A new world order: China's example
The industrial era for China, in particular, is slowing, dragging down the annual growth rate that has thus far set the bar by which all emerging economies have been measured. While there are many variables leading to the growth slowdown in China, it is clear that the shift from manufacturing hub to innovation and consumption hub is happening. The lowered growth rate for China heading into 2015 is roughly 7.2% (which has been likened to the 2007 double-digit levels), still a strong growth rate compared to any country except India and possibly Indonesia. CE demand in China is seen as strong, even though the economic shifts have lowered the overall growth rates.
In line with the strengthening of a digital or mobile economy, we see Chinese OEMs presenting real challenges to global OEM leaders, both in the domestic Chinese markets and globally. Clear examples in the Chinese market are local OEMs Xiaomi, Huawei, and Lenovo, especially, with ZTE and others close behind. There is fierce competition for local and regional leadership, and to unseat Samsung, in particular, with goals of global, smartphone market leadership. The rise of Chinese smartphone OEMs is a result of the very same market opportunities that they have created by leveraging their understanding of local, consumer demands and by utilizing new go-to market strategies. For example, Xiaomi pursued the internet-only shop strategy to sell their smartphones over costly marketing campaigns rooted in brick-and-mortar shops, strategies employed by global leaders Apple and Samsung.
These new OEMs are able to compete head-to-head with global leaders in their local markets, which is shaking up the global smartphone market. The competitive advantage that these OEMs are seizing upon is their local market knowledge; plus, their smartphones are loaded with highly competitive features and components, while meeting important price-points (China is currently testing and expanding 4G LTE networks). Notably, the components and panels also come from leading global chip and panel manufacturers, underscoring that these devices are not second-tier.
The mobile economy is new growth
Even current traditional economic models forecast healthy growth for many emerging economies. But when you factor in what these models are missing – particularly, the transition to technology-based mobile economies – the future growth opportunities for electronics players in emerging markets is very bright.
New economic changes in BRIC are opening competition and favoring local companies in the still-hotly-contested smartphone and CE device markets.
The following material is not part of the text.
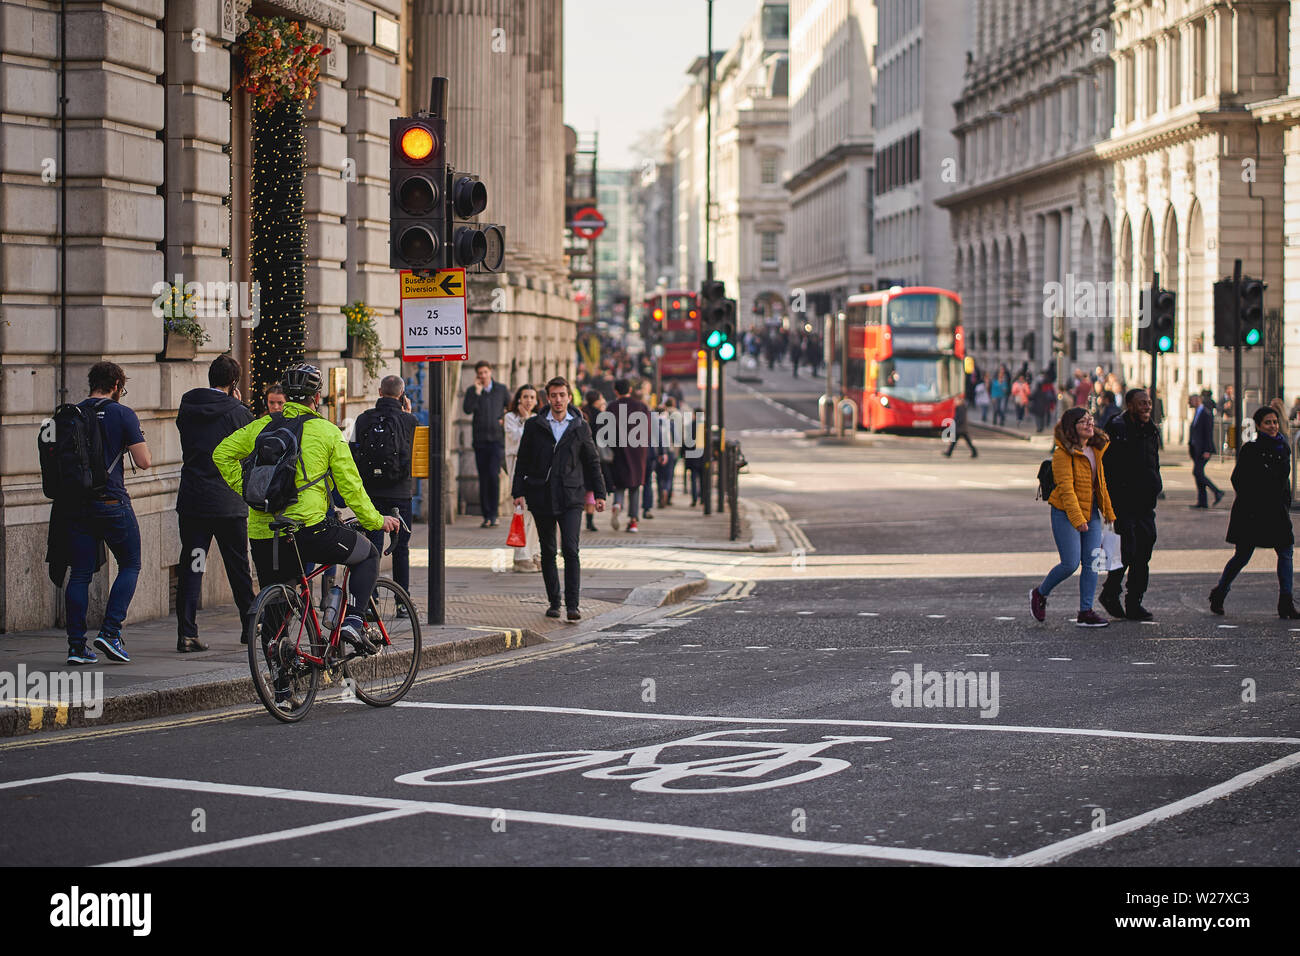 London, UK - February, 2019. A cycling commuter at a crossing in Bank, central London. Stock Photo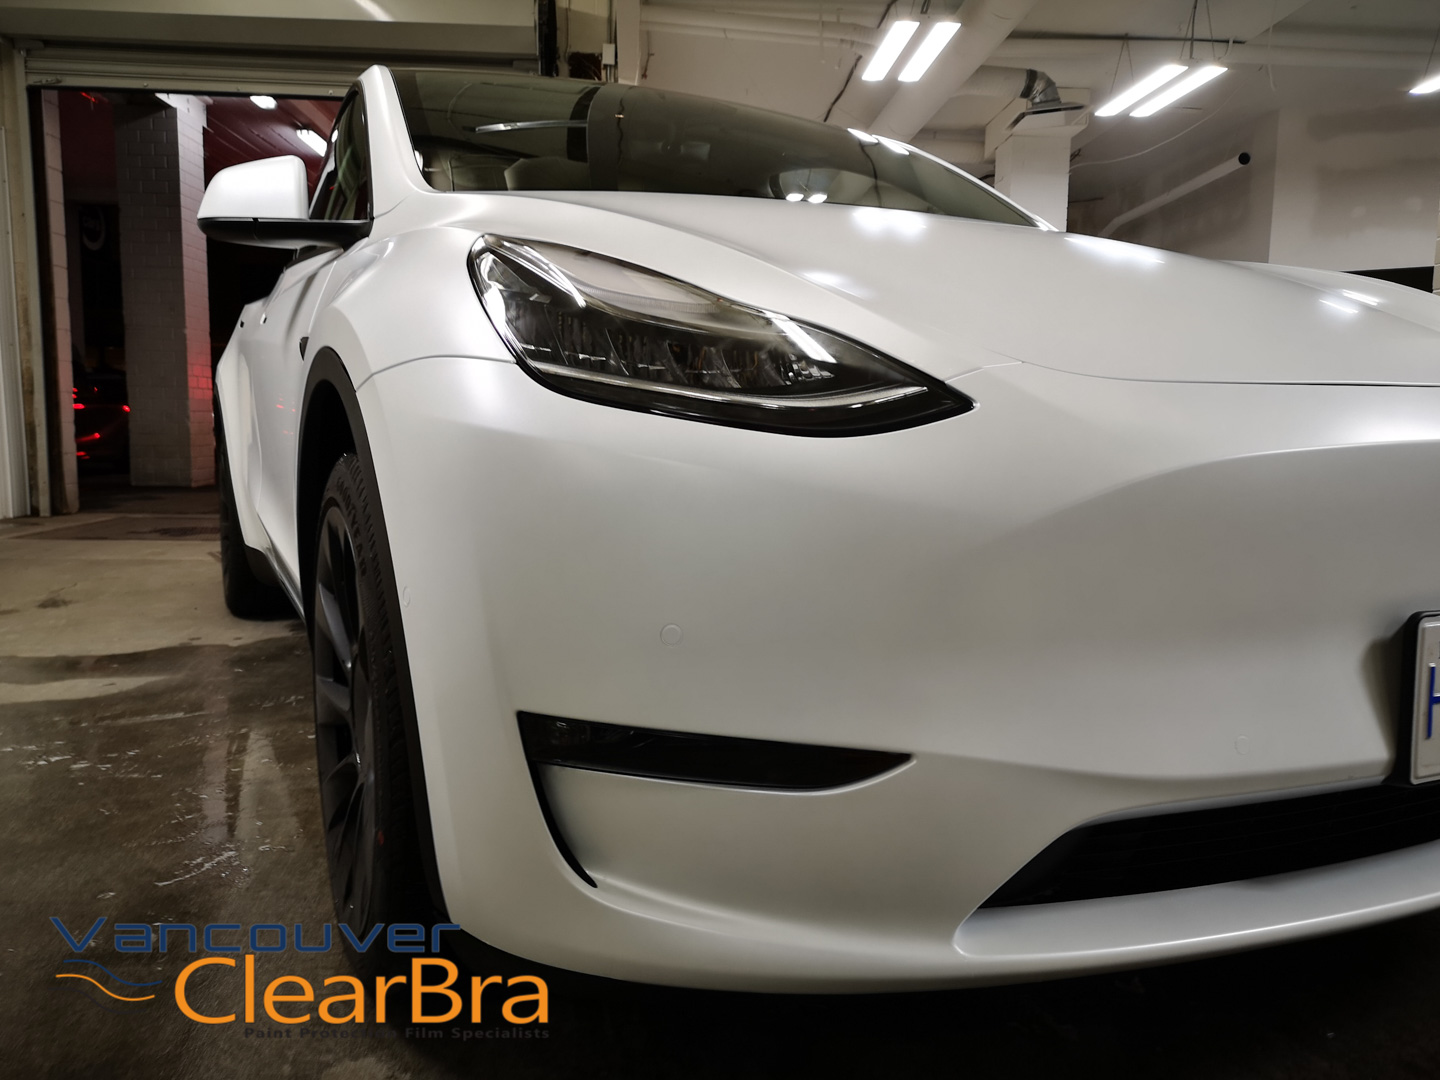 Vancouver Tesla Xpel Stealth - Vancouver ClearBra

As a result, market share for global OEM leaders such as Samsung is sliding, such as in China, where new competitors leverage local market knowledge with innovative and agile strategies. We expect to see additional shifts in market share and challenges to leadership positions in regional markets in 2015. If you consider the new economic environment that we see in China and India, in particular, it is clear that we need to rethink how we will evaluate opportunities and risk going forward. Our models are not capturing the important changes and the new world order that IoT and the mobile economy have ushered in. The competitive arena and changes in leadership within the smartphone market is just one clear example of the larger changes taking place in emerging economies. These changes should not be ignored, nor glossed over by focusing only on downward growth level revisions; to do so would be missing a very real opportunity and shift that is poised to sustain long-term growth, but is not well captured in most current models.